Confluent sources can be created via the Web UI, the API, or directly in SQL. A Confluent source is defined by a topic name and a schema.

Schemas can be defined via json-schema, or automatically configured via Confluent Schema Registry.

Confluent sources implement exactly-once semantics by storing the last-read offset in Arroyo’s state. Additionally, you can set source.read_mode to read_committed to ensure that only committed messages are read.

Confluent Sinks

Confluent Kafka sinks can be created via the Web UI, the API, or directly in SQL. A Confluent Kafka sink is defined by a topic name.

The sink supports both exactly once and at least once modes. At least once delivery will proactively write to the downstream Kafka topic as messages come in. This can potentially result in duplicate messages in the event of a pipeline failure.

Exactly once delivery writes to Kafka use its transaction API. Data is staged within each epoch of the checkpointing system, and then committed through a two-phase protocol once all data is staged.

Confluent DDL

Kafka connection tables can be defined via SQL DDL and used as sources and sinks in SQL queries.

For example:

CREATE TABLE orders (
  customer_id INT,
  order_id INT
) WITH (
  connector = 'confluent',
  connection_profile = 'my_cluster',
  format = 'avro',
  topic = 'order_topic',
  type = 'source',
  'source.offset' = 'latest',
  'source.read_mode' = 'read_committed'
);

Schema Registry integration

Arroyo supports the Confluent Schema Registry for both JSON and Avro schemas. To use the Schema Registry for a table, you must have configured the connection profile with the schema registry endpoint and credentials. Then, it will be available as an option when setting the schema for the table.

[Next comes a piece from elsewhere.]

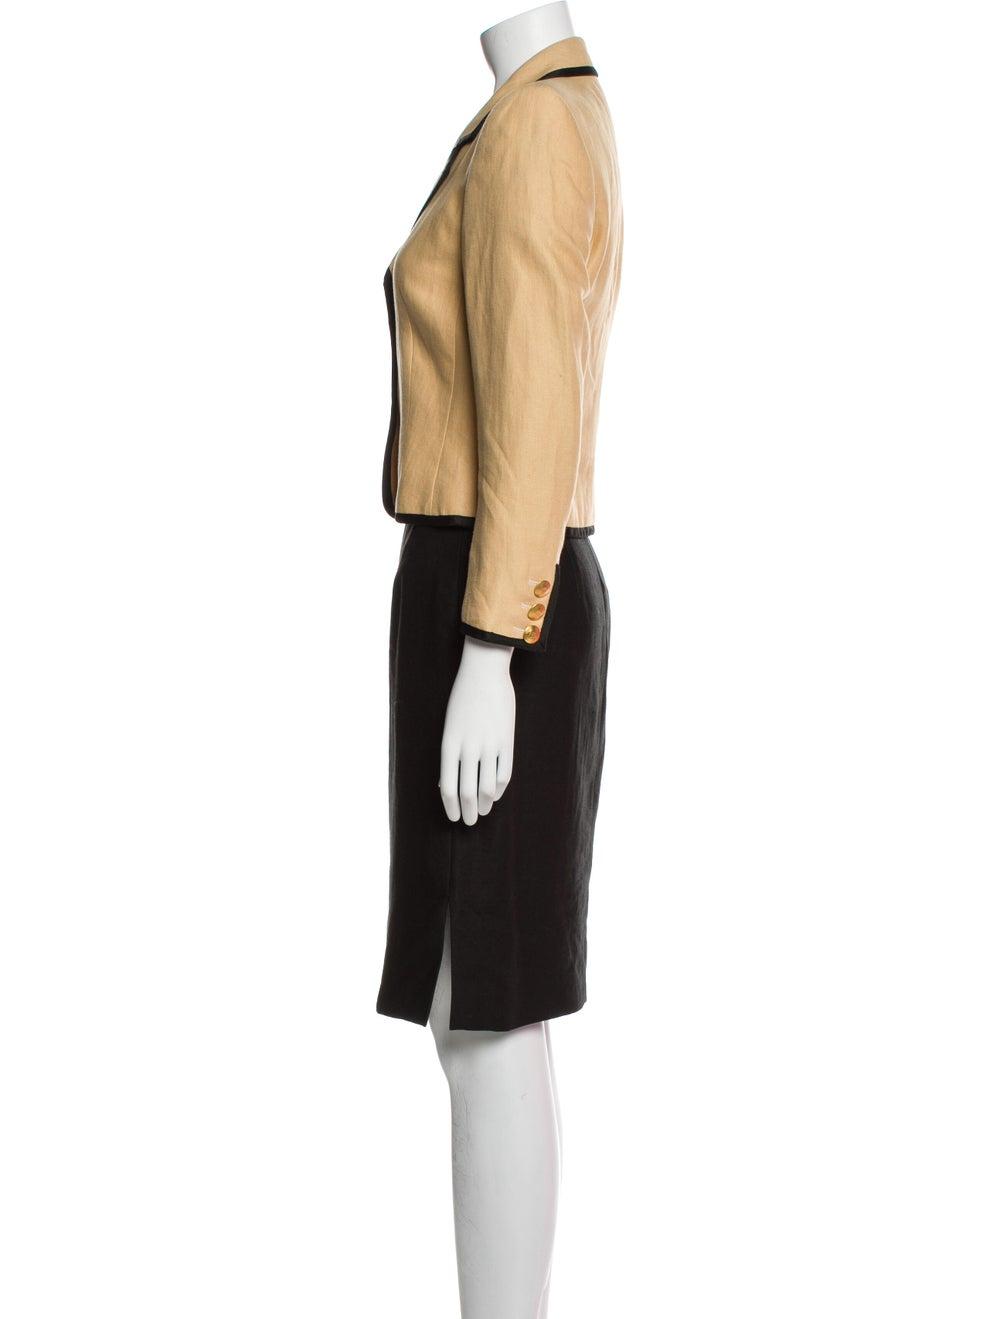 Rena Lange Vintage Linen Skirt Suit - image 2

How Arroyo handles schemas depends on whether the table is a source or a sink and the format.

Source tables

For source tables, Arroyo will read the schema from the schema registry at the time the table is created. This JSON or Avro schema is converted into a SQL table schema, as if it had been defined directly in SQL.

JSON

Because SQL has a less flexible type system than JSON schema, not all JSON schema features are supported directly. For any fields that cannot be converted to a SQL type, Arroyo will create a column of type JSON and store the raw JSON value in that column. The JSON value can then be processed via SQL JSON functions.

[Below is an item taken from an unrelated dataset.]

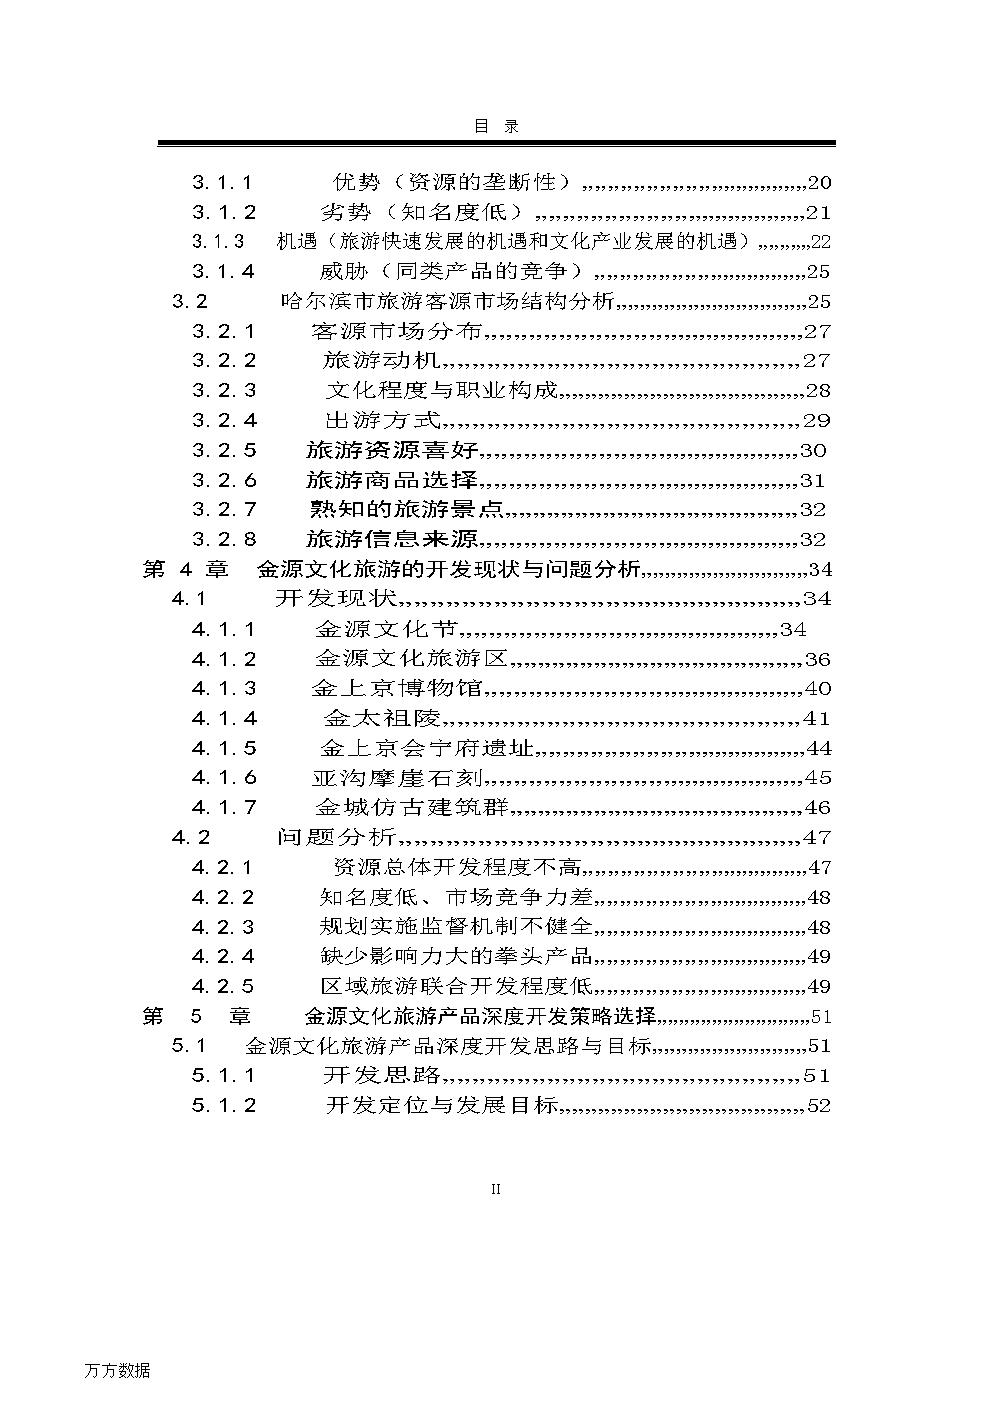 金源文化旅游产品深度开发策略研究-人文地理学专业论文.docx

The schema is read from the schema registry at the time the table is created, which for tables created via the UI is when the table is saved; for tables created via SQL it is when the pipeline is started. The schema is cached for the lifetime of the table, so if the schema in the schema registry is updated or deleted, reads from the table will continue to use the original schema.

Avro

For Avro, there are some features that cannot be converted to SQL types:

  • Unions (aside from unions that are a single type and null, which are converted to nullable columns)
  • Maps
  • Arrays

Fields with these types will be re-encoded as JSON and stored in a JSON column, in which form they can be processed via SQL JSON functions.

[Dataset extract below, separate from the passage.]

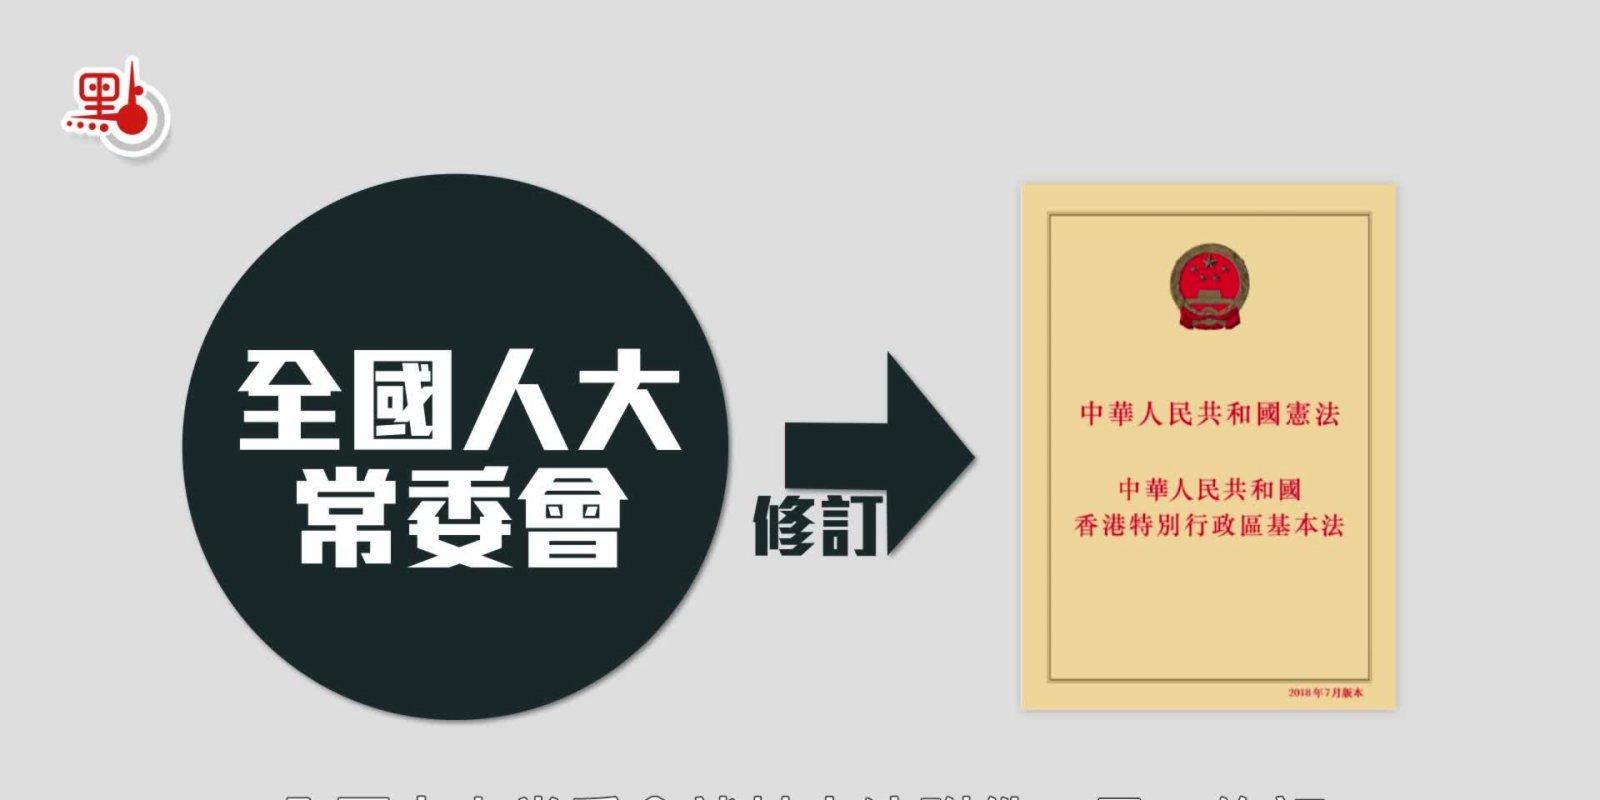 動畫 速看完善香港選舉制度細節

At table creation time (when the table is saved in the UI or when the pipeline is started via SQL for SQL-defined tables), Arroyo will read the schema from the schema registry and convert it to a SQL schema. That schema is used as the “reader” schema for the lifetime of the table and determines what fields are available. If the schema in the schema registry is updated or deleted, reads from the table will continue to use the original schema.

When using the schema registry, Arroyo will also look at the schema ID for each message, and if it encounters a new schema ID, it will fetch the schema from the schema registry and use it as the “writer” schema. Messages are then decoded using the writer schema and then evolved to conform to the reader schema. This ensures that we are able to read the data, so long as the schema in the schema registry is compatible with the reader schema. Arroyo supports all types of schema evolution, with the caveat that fields marked required—NOT NULL in SQL—cannot be removed.

Sink tables

For sink tables, Arroyo will write the schema to the schema registry at the time the pipeline is created. This schema is determined by the SQL schema of the table, and is converted to JSON or Avro as appropriate.

If there’s an existing schema in the schema registry, the new schema must be compatible for it to be written.